Further what is also quite paradoxical is the repudiation of the body that Hayy has reached and axiomatically maintained. If the essential animal needs are inescapable and if we need to continuously be in the presence of God, how can my body, the most immediate medium of affective experience be marginalized? The Platonic tendencies towards formal abstraction of Ibn Tufayl have obviously swayed him in this respect. In order to secure the rigor of the argument, the role of the body which is already emphasized in the Islamic creed and enactments should have been acknowledged. Otherwise, the problem of over-conceptualization that the logical interpretation of Islam would not even partially resolved.  

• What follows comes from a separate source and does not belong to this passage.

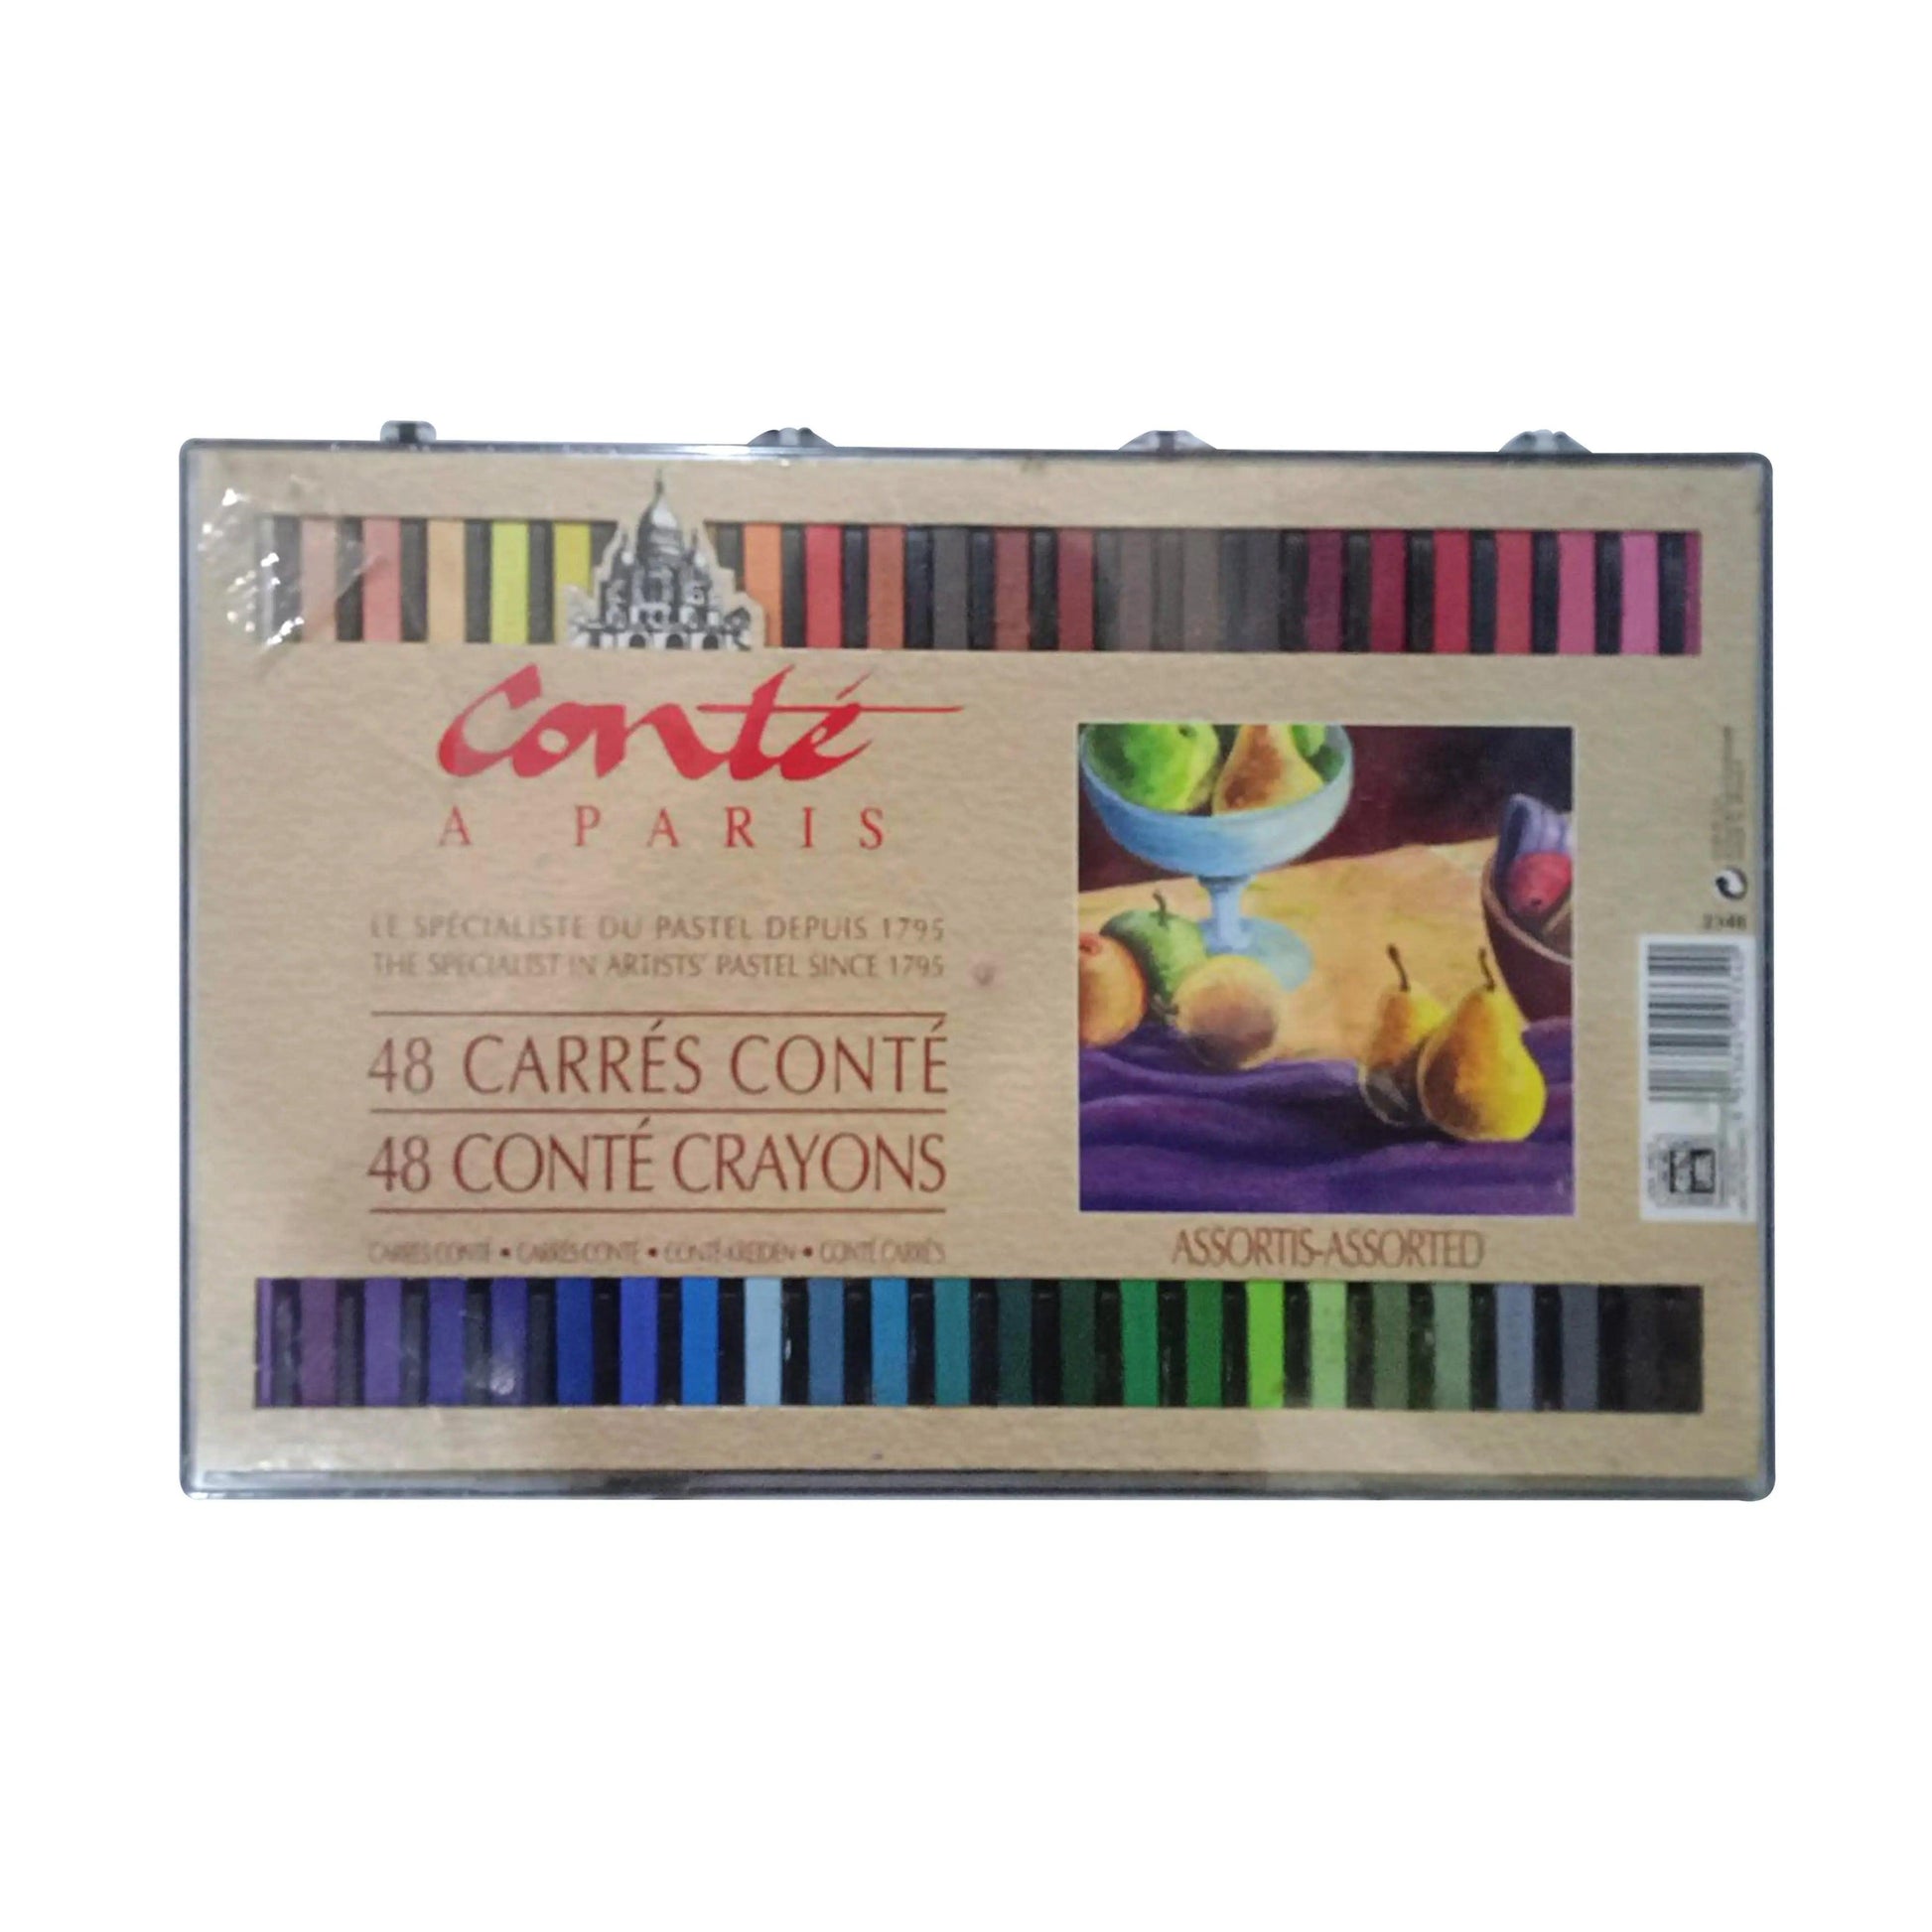 Conte A Paris Conte Crayons The Stationers

The originality of its ideas and their timeless relevance and importance will continue to intrigue speculative minds especially at moments of crisis like the one we are presently living


Notwithstanding any criticism, Hayy Ibn Yaqzan definitively stands as an exceptionally philosophically insightful piece of classical Arabic literature. The originality of its ideas and their timeless relevance and importance will continue to intrigue speculative minds especially at moments of crisis like the one we are presently living, moments at which the need for re-discovering what has already been discovered appears to be must to redeem, to the presence of thinking, what has long been consigned to oblivion.